Streetlights strafed the windshield as Gabe drove his aging BMW through Miami traffic. Gleaming neon and pastels flashed across the hood in a blurred reflection of the shops and bars and restaurants. Night had fallen a couple of hours ago, but the streets were still busy for a Tuesday night, and the traffic clogged the center lanes thanks to vehicles parked and double-parked on either side.
He gripped the steering wheel tightly, somehow both muddled and focused by the four bottles of hard iced tea he’d had at Jamie’s Reel Life — a divey little fish joint a few miles from his apartment building. Jamie’s had a streetside patio, where exhaust fumes mixed with the flavor of the mojitos and fried lobster tails that had made the place a local favorite. No one seemed to care.
Gabe had eaten dinner — popcorn shrimp and fries, just something to soak up the alcohol — but his stomach felt all twisted up anyway. He tried to tell himself it was the hard iced tea, but knew better. Nearly a month had gone by since that night Maya had caught him at Cinco, the night she hadn’t come home. Ever since, he’d been on edge, flush with anger and resentment that were directed just as much at himself as at his wife. It had been difficult enough the morning after, when she’d told him she had slept at a friend’s, her eyes like flint and that challenge in her voice daring him to ask for more details. Gabe had bit his tongue. He’d been the one cheating, after all. She had every right to be furious, and the truth was that if she had gone out to even the score and had sex with some guy, he really didn’t want to know.
Or so he’d thought.
For the first few days, they had barely spoken to each other, the air between them thick with bitterness. Gabe had swung wildly back and forth between rage and guilt, between jealousy and self-loathing. Then, the night before he was headed out on a voyage for Viscaya, he had tried to talk to her, only to have it degenerate into a tirade in which he blamed her for having driven him to stray with the weight of her expectations.
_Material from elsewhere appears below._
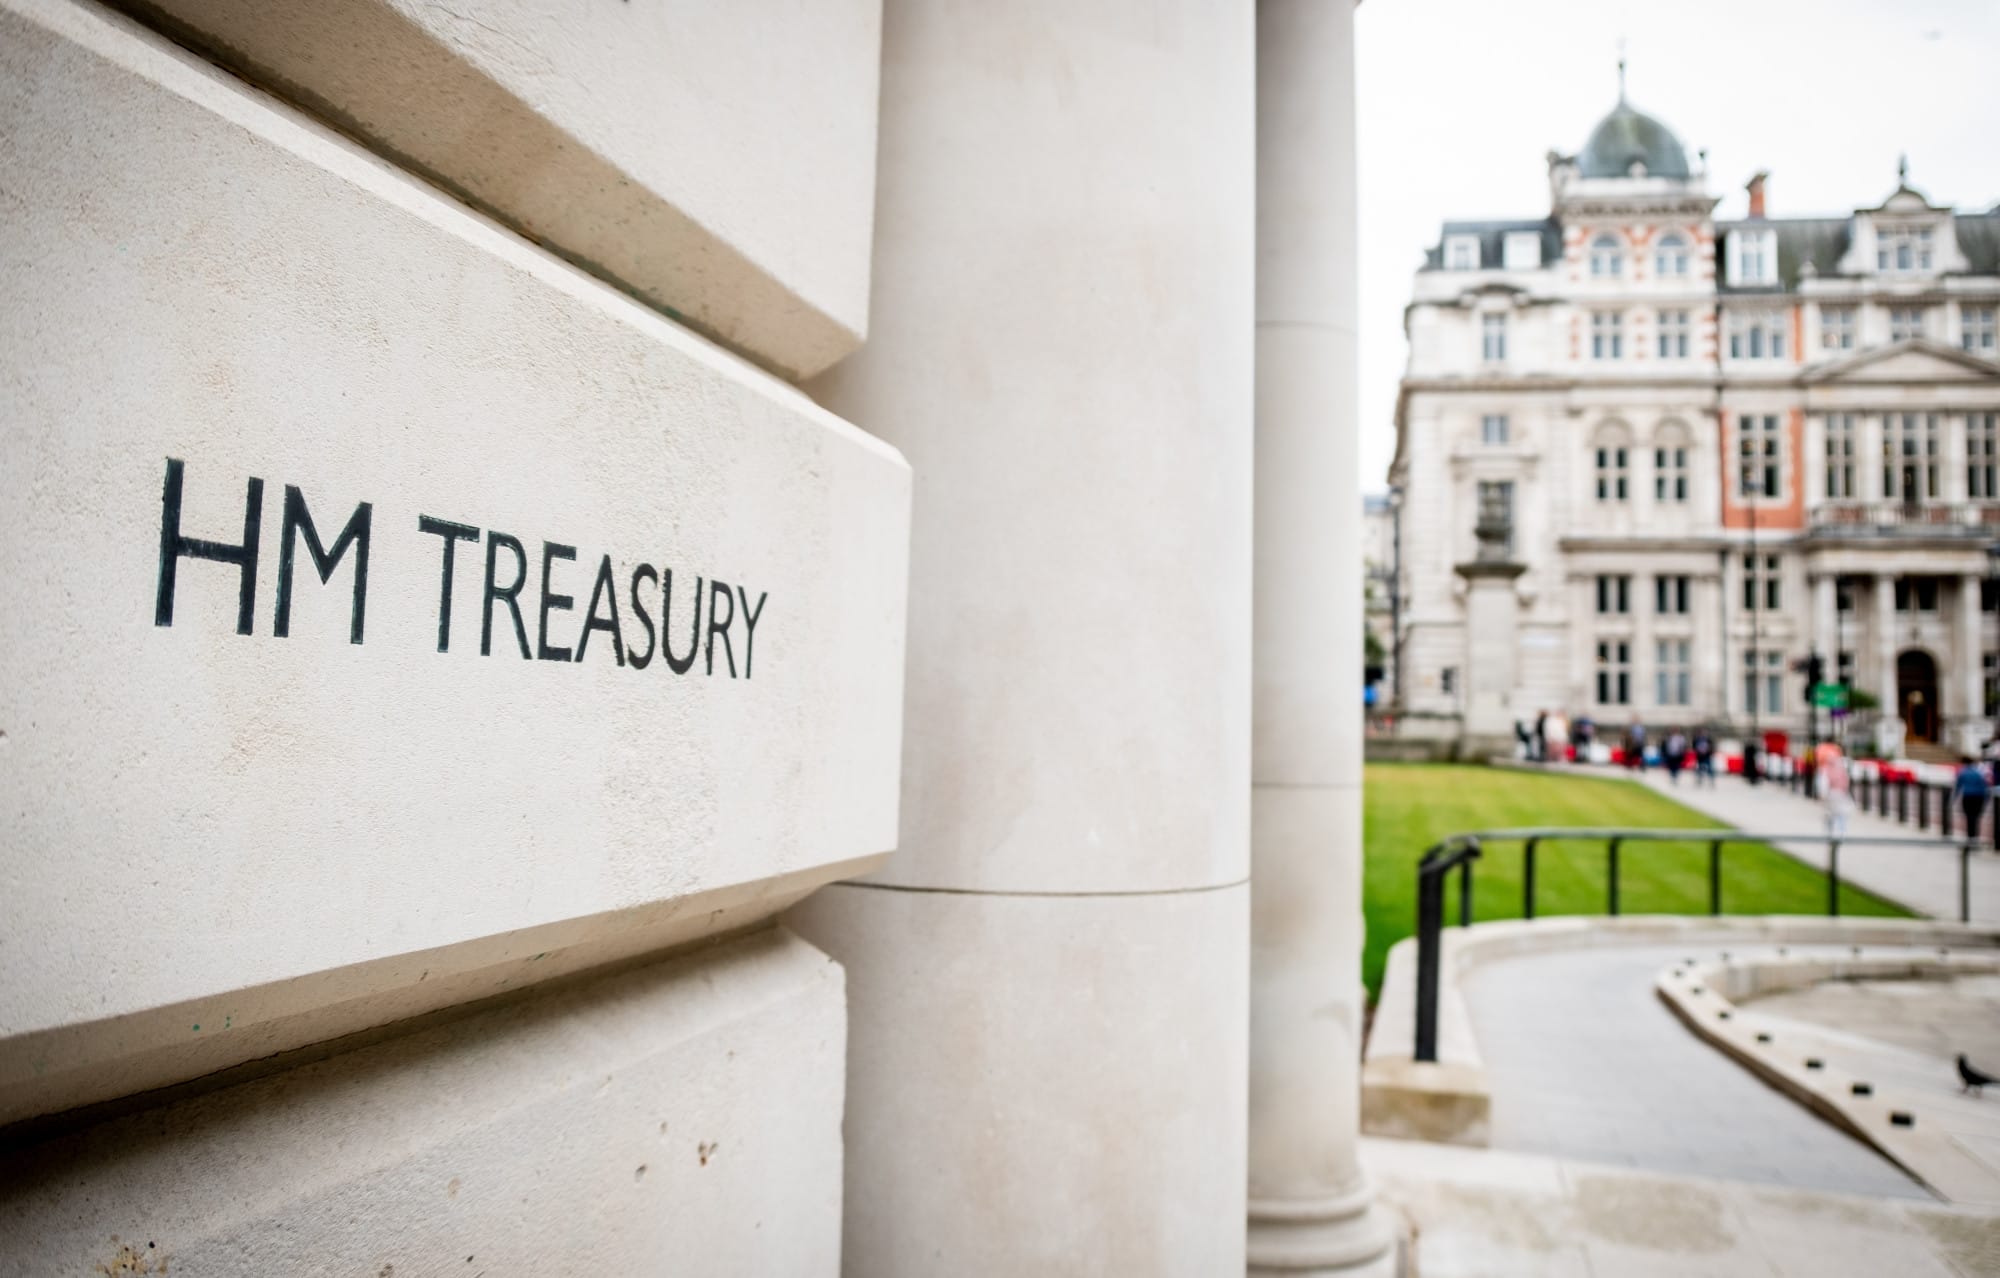 Autumn Statement 2023: This image shows the entrance to HM Treasury in Whitehall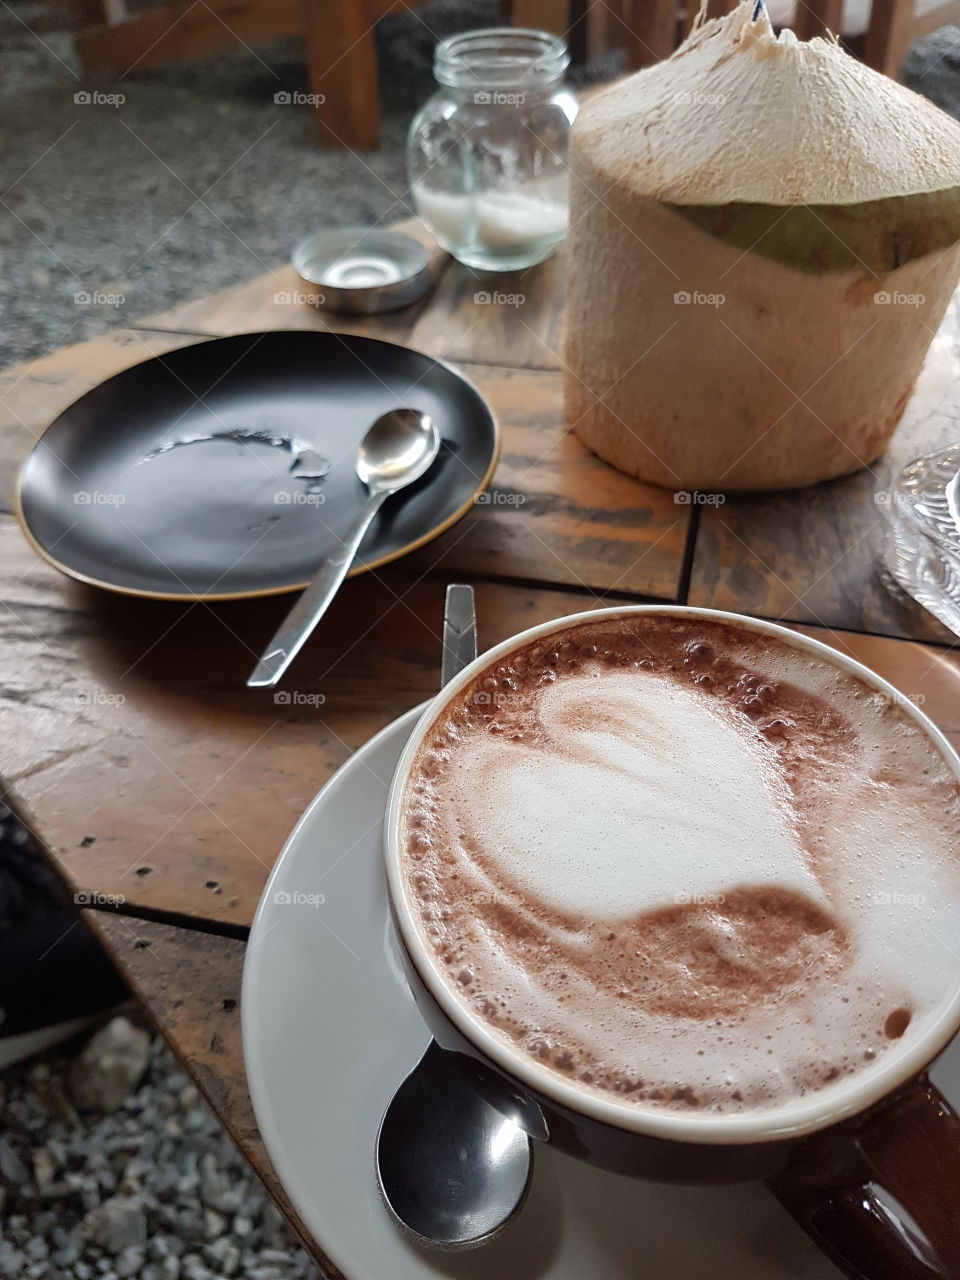 egg coffee time in Vietnam

Maya had smiled for the first time in days, but it was all teeth and cruel eyes. “Oh, no. You don’t get to put it on me, Gabriel. You changed the rules, papi. Make sure you remember that.”
His heart had sunk and he’d tried to get her to elaborate on what she’d meant. Why did he need to remember? What had she done? But Maya had said all she would say. When he woke early the next morning, he tried to talk to her before the Antoinette sailed — a short jaunt before the South American trip that was coming up — but Maya pretended to be sleeping. Even when he called her on it, and whispered to her, and tried to apologize, she kept her eyes firmly closed and her breathing even.
Half-drunk, Gabe pulled the BMW onto the side road — little more than an alley — that led to the back of his building. The car slid through darkness and then into the splash of light from the lampposts that lined the drive. He slowed at the entrance to the underground parking garage, steadying his breathing, fingers still tight on the wheel.
You didn’t want to know, he thought.
But he needed to know—want had nothing to do with it — because the rules had changed again. In the ten days since he had returned from that brief voyage, Maya had transformed. The night he had come home, she had been quiet and depressed and had slept on the sofa, breathing softly, only half-covered by a thin cotton sheet, the bronze curve of her exposed calf making his heart ache.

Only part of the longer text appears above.